J'observais mon environnement. Le livreur gisait affalé contre le mur de l'entrée, une profonde (et horrible) brûlure marquant son front. Si j'avais été en pleine possession de mes moyens, sans doute que ce spectacle m'aurait soulevé le Coeur, mais tout ce que je ressentais était une profonde torpeur. Comme si mon corps et mon esprit flottaient dans un océan d'ouate.

Près de mon canapé, j'observais un moment Mike s'affairant devant un second corps affalés au sol. Des chaussures de cuir et une paire de jambes couverte d'un jean sombre...

Le visage amusé du démon blond que j'avais vu en rêve me revint en mémoire.

"Quel dommage que tu ne puisses pas sauver ce pauvre Kelen. Oh, il est en train de mourir en ce moment pour ta gouverne." avait-il dit.

"Kelen?", demandais-je d'une voix croassante. Je me relevais précipitamment et faillis m'évanouir, prise d'un malaise.

Des bras chauds et doux vinrent immédiatement à mon secours et me soutinrent. Je m'appuyais contre un torse qui sentait bon le propre. L'espace d'un instant, j'envisageais de m'y pelotonner et de m'y endormir. Il me suffirait de fermer les yeux, de me laisser aller et de ne me réveiller que lorsque tout ce foutoir aurait disparu. Le grognement de Kelen me fit oublier cette idée.

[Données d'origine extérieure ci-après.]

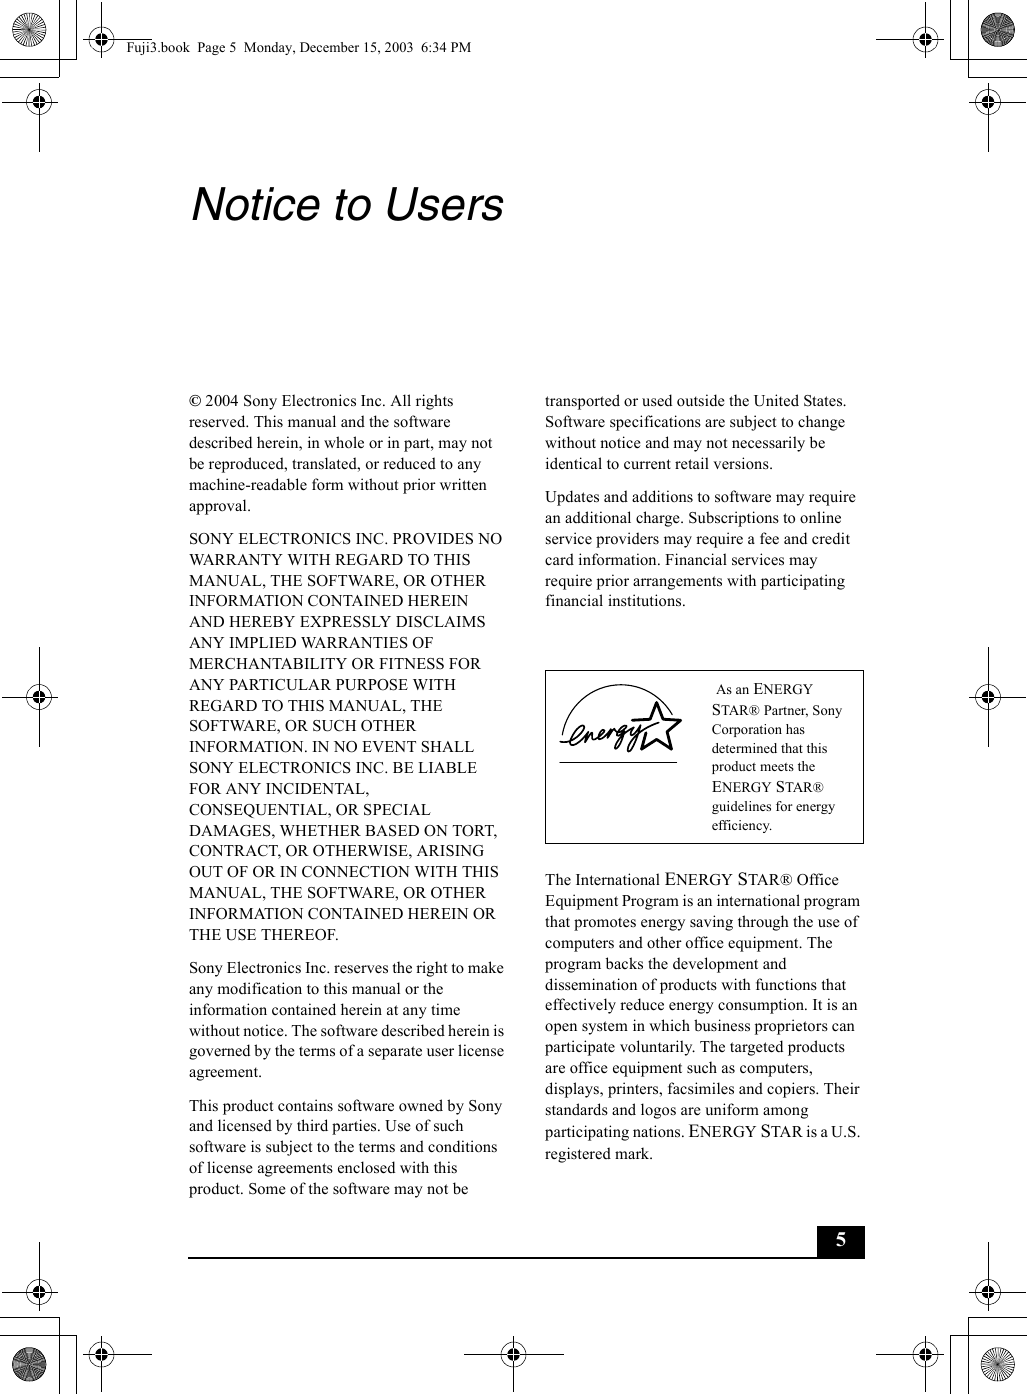 5Notice to Users© 2004 Sony Electronics Inc. All rights reserved. This manual and the software described herein, in whole or in part, may not be reproduced, translated, or reduced to any machine-readable form without prior written approval.SONY ELECTRONICS INC. PROVIDES NO WARRANTY WITH REGARD TO THIS MANUAL, THE SOFTWARE, OR OTHER INFORMATION CONTAINED HEREIN AND HEREBY EXPRESSLY DISCLAIMS ANY IMPLIED WARRANTIES OF MERCHANTABILITY OR FITNESS FOR ANY PARTICULAR PURPOSE WITH REGARD TO THIS MANUAL, THE SOFTWARE, OR SUCH OTHER INFORMATION. IN NO EVENT SHALL SONY ELECTRONICS INC. BE LIABLE FOR ANY INCIDENTAL, CONSEQUENTIAL, OR SPECIAL DAMAGES, WHETHER BASED ON TORT, CONTRACT, OR OTHERWISE, ARISING OUT OF OR IN CONNECTION WITH THIS MANUAL, THE SOFTWARE, OR OTHER INFORMATION CONTAINED HEREIN OR THE USE THEREOF.Sony Electronics Inc. reserves the right to make any modification to this manual or the information contained herein at any time without notice. The software described herein is governed by the terms of a separate user license agreement.This product contains software owned by Sony and licensed by third parties. Use of such software is subject to the terms and conditions of license agreements enclosed with this product. Some of the software may not betransported or used outside the United States. Software specifications are subject to change without notice and may not necessarily be identical to current retail versions.Updates and additions to software may require an additional charge. Subscriptions to online service providers may require a fee and credit card information. Financial services may require prior arrangements with participating financial institutions.The International ENERGY STAR® Office Equipment Program is an international program that promotes energy saving through the use of computers and other office equipment. The program backs the development and dissemination of products with functions that effectively reduce energy consumption. It is an open system in which business proprietors can participate voluntarily. The targeted products are office equipment such as computers, displays, printers, facsimiles and copiers. Their standards and logos are uniform among participating nations. ENERGY STAR is a U.S. registered mark. As an ENERGY STAR® Partner, Sony Corporation has determined that this product meets the ENERGY STAR® guidelines for energy efficiency.Fuji3.book  Page 5  Monday, December 15, 2003  6:34 PM

"Lâche là, foutue bestiole, ou je te fous une dérouillée", marmonna le démon qui se redressait en se tenant comme il le pouvait au canapé.

En réponse, les bras du Nahual se serrèrent un peu plus autour de moi.

"Ne m'en veux pas, démon, mais vu l'état dans lequel tu te trouves, j'avoue que je ne suis pas inquiet", s'exclama Mike, "Avant de me faire avaler mes dents, il faudrait songer à te sauver!"

Maintenant que Mike ne me cachait plus l'incube, je découvris l'étendue des dégâts. Son teint était aussi pâle que de la cendre, ses lèvres légèrement bleuies tranchaient nettement sur son visage et ses yeux fiévreux étaient marqués de profonds cernes violets. Malgré cela, il avait encore son sourire en coin aux lèvres.

J'oubliais instantanément ma fatigue et ma torpeur.

M'arrachant à l'étreinte de Mike, je me précipitais à quatre pattes vers lui.

"Merde Kelen, on dirait un zombie !", lâchais en effleurant ses joues et son cou. Je laissais voleter mes mains à leur gré, le touchant tant que je pouvais, passant mes mains dans ses mèches sombres et soyeuses. J'avais besoin de m'assurer qu'il était bien réel. Il attrapa l'une de mes mains et embrassa le bout de mes doigts.

"Mmmmh, princesse, si j'avais su qu'il suffisait de m'égratigner pour que tu me touches, je l'aurais fait moi-même bien plus tôt !", dit-il avec difficulté. Il était à bout de souffle. Même mal en point, il restait égal à lui-même, un irréductible séducteur.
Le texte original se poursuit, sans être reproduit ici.